Leigh R. Meininger, Orlando, FL, for Trustee. Myrna Passalacqua, Passalacqua Law Firm, Orlando, FL, for Debtor.

Chapter 7

MEMORANDUM OPINION GRANTING TRUSTEE'S MOTION FOR TURNOVER OF LEGAL FEES


KAREN S. JENNEMANN, Chief United States Bankruptcy Judge

The issue is whether a lawyer can provide a debtor with very limited representation for a reduced fee and without complying the Court's rules. Here, the Passalacqua Law Firm (the “Law Firm”) was paid $775 to represent the Debtor, Diego Marino Ruiz, both before and after this Chapter 7 bankruptcy case was filed but did not sign the petition, attend the meeting of creditors with the Debtor, or perform the other minimal duties required of attorneys representing debtors. The Chapter 7 Trustee, Leigh Meininger, objects to this practice and requests an order requiring the Law Firm to disgorge the $775 fee they received. The Law Firm opposes the Trustee's Motion for Turnover arguing that the Debtor agreed to their limited representation. The Court agrees that the Law Firm cannot pick and choose which services they provide to debtors and will grant the Trustee's motion.

Doc. No. 11. The Trustee asks the Law Firm to pay the $335 filing fee and to return the $440 balance to the Debtor.

Doc. No. 14 at 2.

Mr. Ruiz signed a voluntary Chapter 7 bankruptcy petition under penalty of perjury indicating he had no lawyer and then filed it with the Court on October 22, 2013. On the Debtor's Statement of Financial Affairs, the Debtor listed a payment of $775 to the Law Firm for limited representation and document preparation. The Debtor also filed a Disclosure of Compensation of Attorney. This Disclosure reflected a payment made by the Debtor for $775 for legal services that, the Court notes, included representation at the meeting of creditors.

Doc. No. 1.

Doc. No. 1 at 28.

Doc. No. 1 at 46.

The Limited Representation Agreement between the Debtor and the Law Firm required the attorneys to provide services to the Debtor both before and after the bankruptcy case was filed. The Law Firm specifically agreed to prepare all papers required to start a Chapter 7 case, including all schedules and statements, and then to deliver them to the Debtor for filing.
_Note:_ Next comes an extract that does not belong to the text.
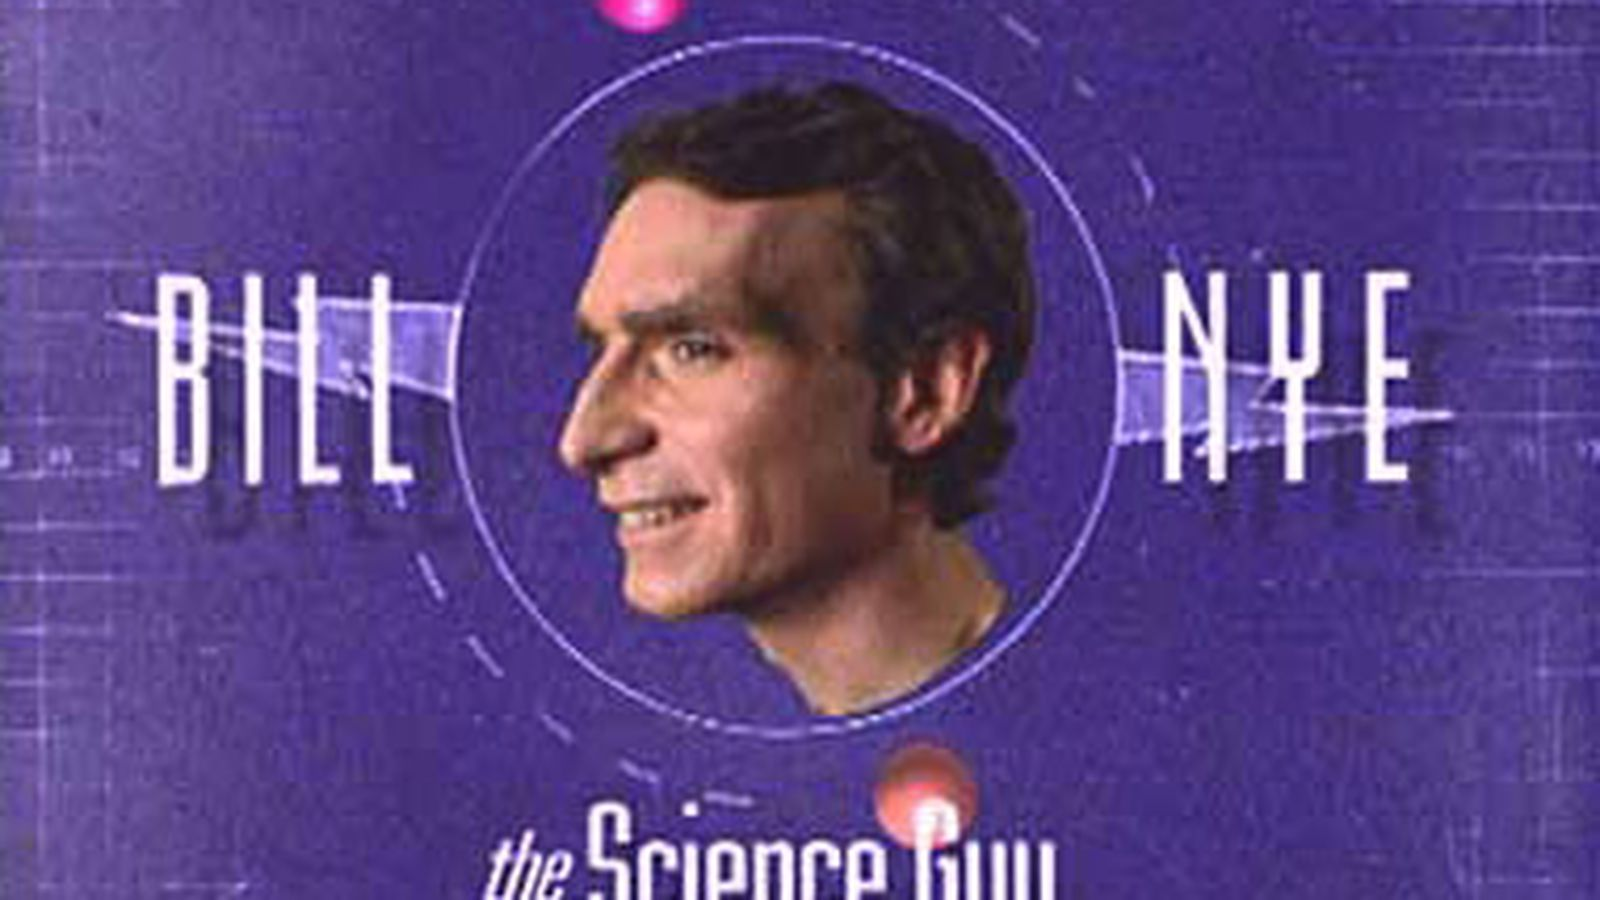 Bill Nye Teases The Return Of Bill Nye The Science Guy

They also agreed, after the case was filed, to help the Debtor gather documents, such as bank statements, the Trustee may request and “to continue to guide and assist the client with any question or situation that would arise until the discharge was received.” The Law Firm inconsistently agreed, on one hand, to provide full representation to the Debtor, but, on the other hand, refused to formally appear in the case, sign the petition, attend the meeting of creditors with the Debtor, or provide the normal legal services required of attorneys representing debtors in Chapter 7 bankruptcy cases.

Doc. No. 17, Exh. 1.

Doc. No. 17 at 3.

The Trustee in his Motion for Turnover argues that an attorney cannot provide this limited representation to a Chapter 7 debtor and that, in this case, the proper remedy is for the Law Firm to disgorge their $775 fee to pay the Debtor's filing fee ($335) and to return the balance ($440) to the Debtor. The Law Firm, in response, argues that, although they provide fewer services, they cost less and give poorer debtors the ability to get valuable, albeit limited, legal advice.

Doc. No. 11. A hearing was held on the Trustee's Motion for Turnover and the Law Firm's Response (Doc. No. 17) on February 13, 2014.

The Debtor previously asked this Court to waive payment of his filing fee. (Doc. No. 2.) The Court granted this request. (Doc. No. 7.) Later, the Trustee objected to this fee waiver arguing that, if the Debtor can pay $775 to an attorney, the Debtor can pay his filing fee. The Court agrees and will sustain the Trustee's objection, vacate the order granting the waiver of the filing fee, and directing the Debtor to pay the $335 fee. As explained later in this Memorandum Opinion, the actual payment of the fee will come from the disgorgement of the Law Firm's $775 fee.

The question before the Court is whether an attorney can provide services for consultation and preparation of the bankruptcy petition and related papers but then cause the debtor to file pro se without making an appearance or representing the debtor at the meeting of creditors. Instead of traditional representation, where a lawyer handles a case from start to finish, limited scope representation, also known as “unbundling” or “discrete task representation,” involves representation in which a lawyer performs some, but not all, of the work.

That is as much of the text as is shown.